I’ve already blogged about the CBCA shortlisted Younger and Older Reader books.
In two parts, I’ll now look at the Eve Pownall Information Books.
Amazing Australians and their Flying Machines by Prue and Kerry Mason, illustrated by Tom Jellett (Walker Books)
This book is structured chronologically with a focus on inventors and aviators we’ve heard of including Lawrence Hargrave, Nancy Bird, Charles Kingsford Smith, Rev John Flynn of the Flying Dr Service; and those we may not have heard of such as Dr William Bland (who appeared before Hargrave) in the 1850s.
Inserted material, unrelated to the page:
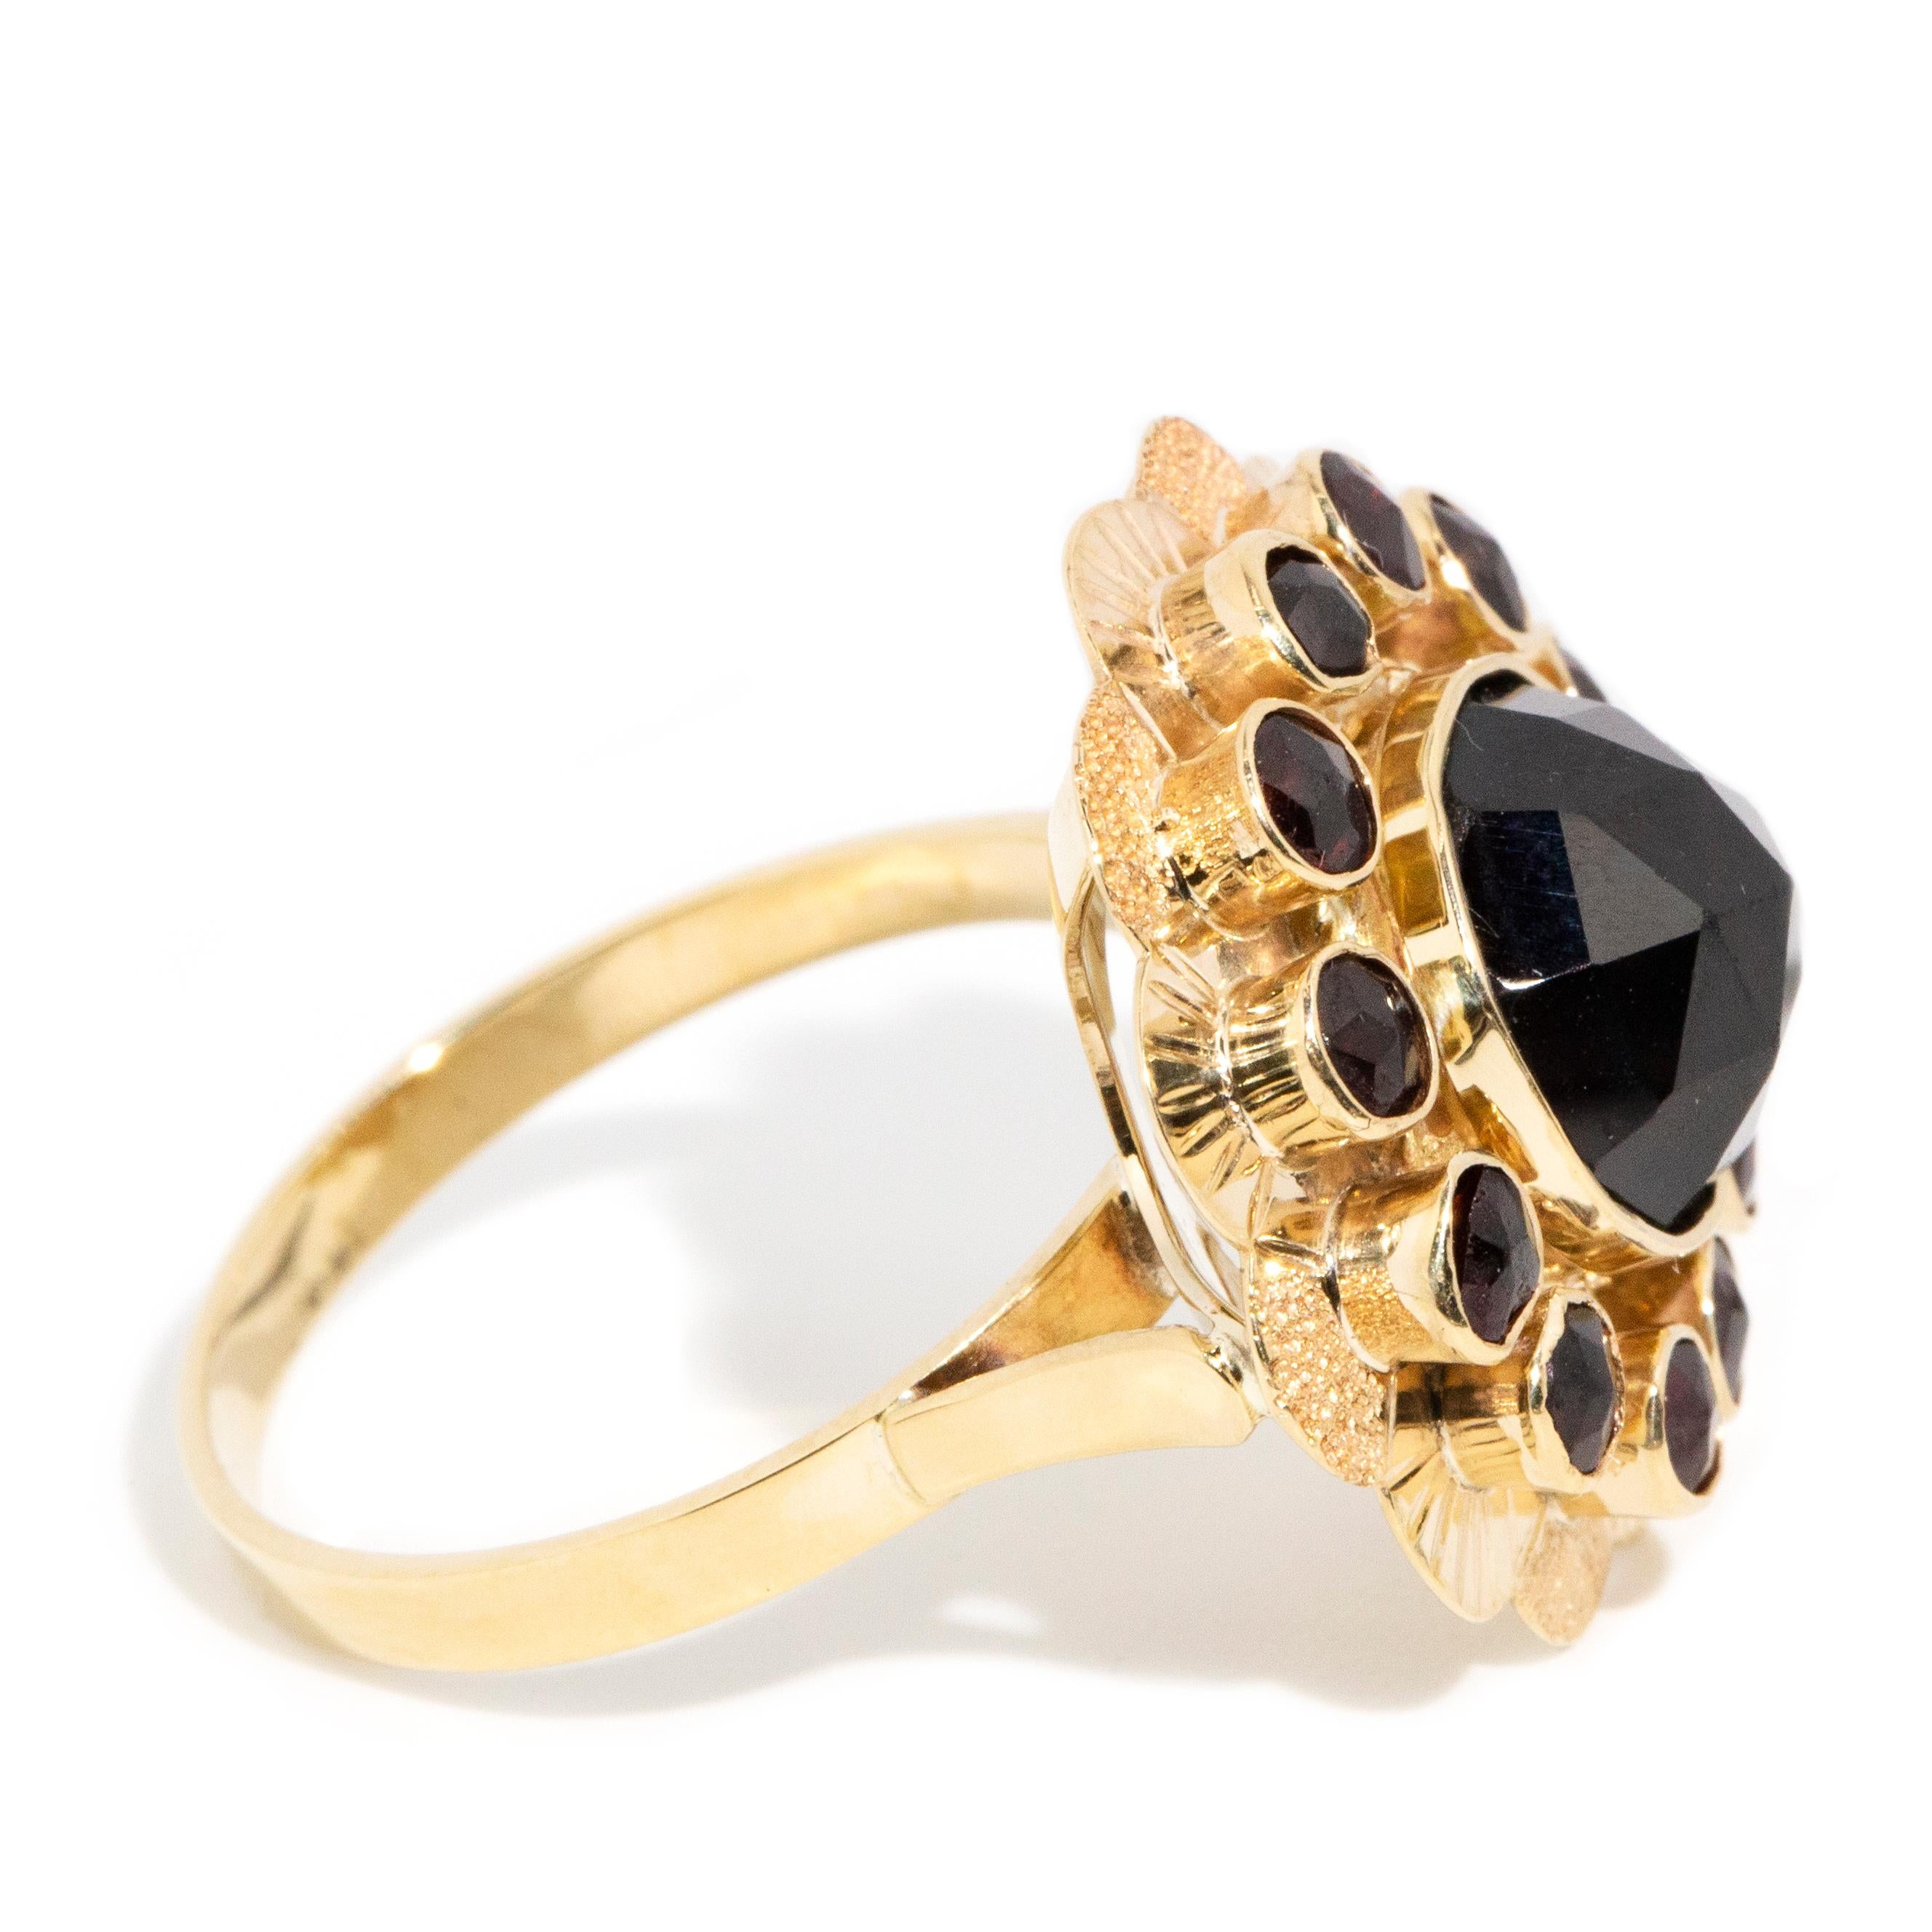 Vintage Circa 1980s Bohemian Garnet Starburst Cluster Ring 14 Carat Yellow Gold In Good Condition For Sale In Hamilton, AU

The structure and writing styles provide variety: words in the aviators’ voices; 3 Amazing Facts about most aviators; and ‘Did You Know?’ columns. The book acknowledges difficulties for women in the past who wished to fly.
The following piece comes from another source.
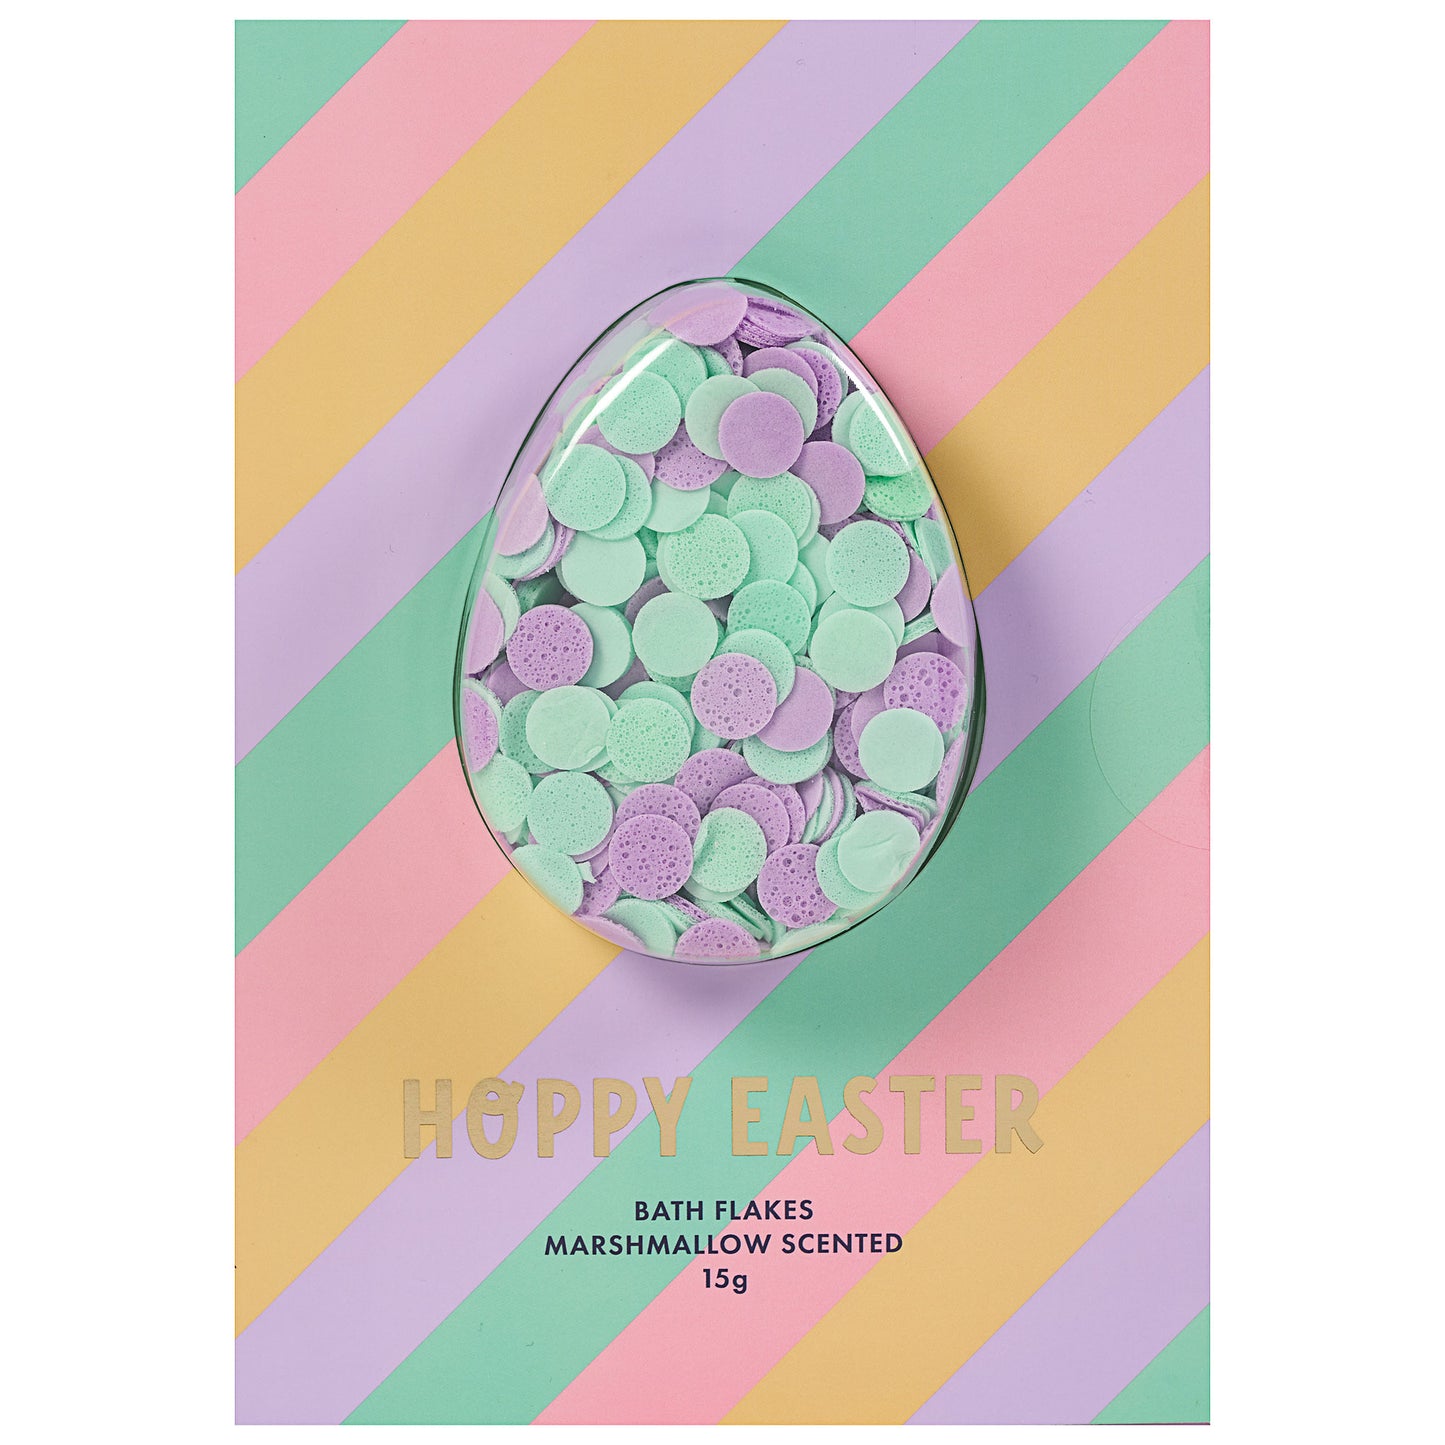 Easter Card with Bath Flakes

Some interesting information from the book:
George Taylor In 1909 he flew a glider from Narrabeen, NSW. His wife Florence also flew, tucking her long skirts into her bloomers. At age ten Taylor wrote an essay, ‘The Future of Flying Machines in Australia’. He was a cartoonist and suffered from epilepsy.
Bert Hinkler In 1921 he flew the nine hours from Sydney to Bundaberg wearing a suit and tie. His RAF flying instructor was Cpt W.E. Johns, who wrote the Biggles books.
Like Lawrence Hargrave, children could make box kites. The ‘e-how’ website could be helpful. It suggests using dowel, bendy straws and a plastic/vinyl tablecloth. https://www.ehow.com/how_4882168_make-box-kites.html Alternatively they could make gliders or paper planes.
M is for Mutiny! History by Alphabet by John Dickson, illustrated by Bern Emmerichs (Berbay Publishing)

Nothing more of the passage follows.